Seurat
事实上官方 Cheat Sheet 已经提供了功能简记
Seurat v5 的尝试记录;简言之就是生成一个SeuratObject,相应处理计算得到的数据都存储于其中,官方同时提供了获取相应结果的方程;其中作图请见 Seurat 5 官网 Data visualization
Install
install.packages('Seurat')
示例数据:外周血单核细胞(pbmc)
wget https://cf.10xgenomics.com/samples/cell/pbmc3k/pbmc3k_filtered_gene_bc_matrices.tar.gz
tar -xzf pbmc3k_filtered_gene_bc_matrices.tar.gz
ls filtered_gene_bc_matrices/hg19
### barcodes.tsv genes.tsv matrix.mtx
示例代码:Seurat 5 官网 pbmc 示例
scRNA
一些常用功能简记:
Load / Filtering by meta.data
-
features 指基因,variable features 指 HVGs
-
subset进行各种filtering操作
subset=提取Genes(via filtering meta.data -- 各种表达式)cells=提取细胞,idents=提取Clusters (via name/list)
library(Seurat)
## 00.Load Data: colname_AAACAT rowname_Gene
pbmcRawData <- Read10X(data.dir = "./filtered_gene_bc_matrices/hg19/")
## 00.Init SeuratObject & raw Filtering
pbmc <- CreateSeuratObject(counts = pbmcRawData,
project = "pbmc3k",
min.cells = 3, ## Filter off Genes: Appear in >3 Cells
min.features = 200, ## Filter off Cells: Appear in >200 Genes
meta.data = NULL
)
## Sum geneFrature rows with pattern (^MT-)
## and Assign result to meta.data as 'percent.mt'
pbmc[["percent.mt"]] <- PercentageFeatureSet(pbmc, pattern = "^MT-")
## Filtering Cells by meta.data
pbmc <- subset(pbmc, subset = nFeature_RNA > 200 & nFeature_RNA < 2500 & percent.mt < 5)
### Plot meta.data
p1 <- VlnPlot(pbmc, features = c("percent.mt"), ncol = 1)
p2 <- FeatureScatter(pbmc, feature1 = "nCount_RNA", feature2 = "percent.mt")
p1 + p2
Normalize/Scale/HVGs
注: SCTransform() = NormalizeData() + FindVariableFeatures() + ScaleData()
## Normalizing the data
## -- equals to: pbmc[["RNA"]]$data <- NormalizeData(pbmc[["RNA"]]$counts)
pbmc <- NormalizeData(pbmc)
## Find top2000 HVGs: Active assay now have 2000 variable features
pbmc <- FindVariableFeatures(pbmc, selection.method = "vst", nfeatures = 2000)

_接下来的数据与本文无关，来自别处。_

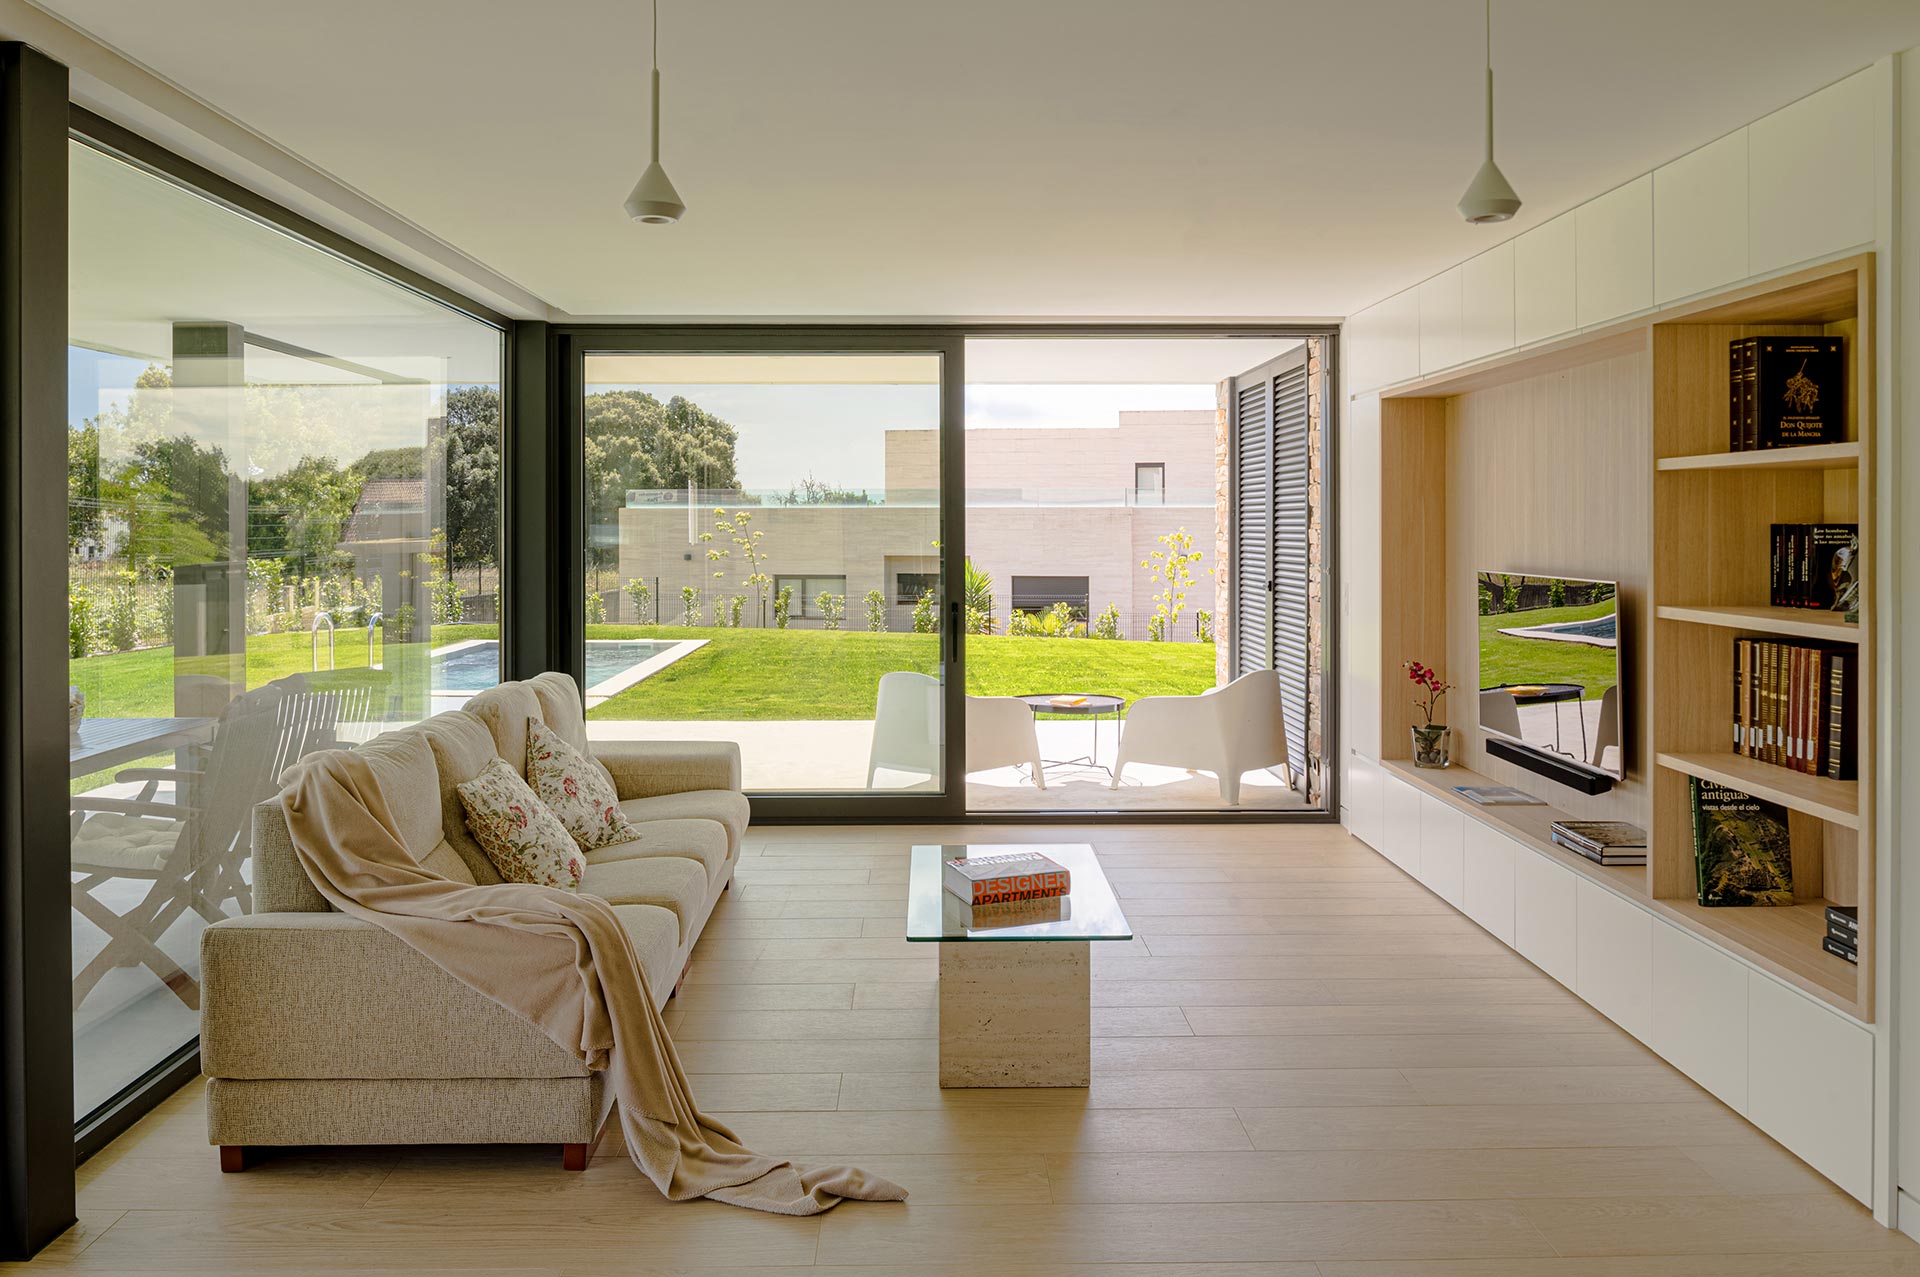 Diseño interior de salón de casa moderna con grandes ventanales diseñada por Moah Arquitectos en Somo. Cantabria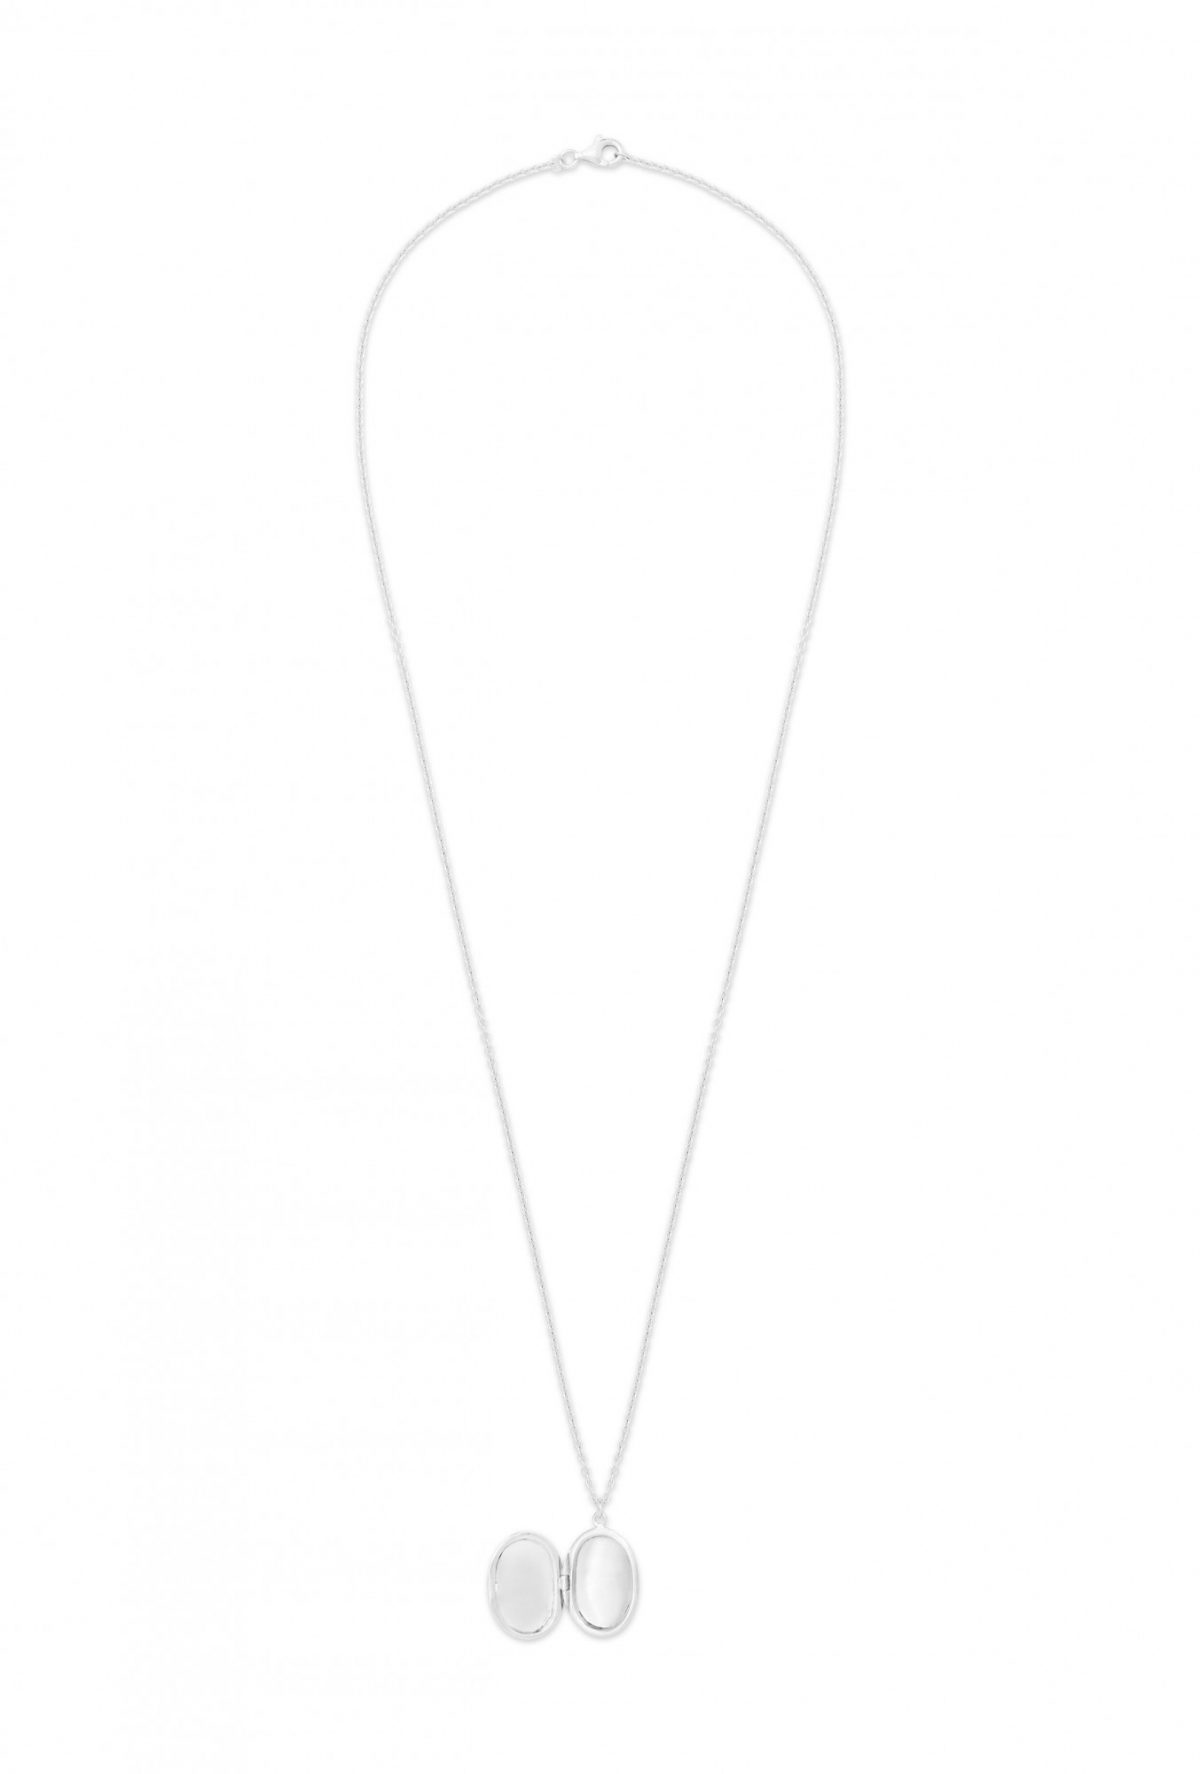 Diamond Locket Necklace (Personalize)

HVGsNameList <- VariableFeatures(pbmc)
## Scale: remove unwanted sources of variation
## -- Zero-centered or Mean-subtraction
## -- Save to: pbmc[["RNA"]]$scale.data Layer
pbmc <- ScaleData(pbmc,
features = rownames(pbmc), ## default only HVGs, here all genes
vars.to.regress = "percent.mt", ## ‘regress out’ heterogeneity associated with mitochondrial contamination
)
### Plot HVGs
pHVGs <- VariableFeaturePlot(pbmc)
LabelPoints(plot = pHVGs, points = head(HVGsNameList, 10), repel = TRUE)
PCA/Clustering
一般先PCA,然后基于降维结果进行KNN聚类;如果进行UMAP,一般是基于PCA的结果(当然也可以使用原数据)
## result in pbmc[["pca"]] pbmc[["umap"]]
pbmc <- RunPCA(pbmc, features = HVGsNameList)
pbmc <- RunUMAP(pbmc, reduction = "pca", dims = 1:10) ## Using PCA's first 10 dim (otherwise features=xxx to use RNA table), Note:umap has only 2 dim as the result
## plot PC's SD to choose dims of use (not applicable for umap)
ElbowPlot(pbmc, reduction = "pca")
## construct a KNN graph based on the euclidean distance in Embedded space
pbmc <- FindNeighbors(pbmc, reduction = "pca", annoy.metric = "euclidean", dims = 1:10)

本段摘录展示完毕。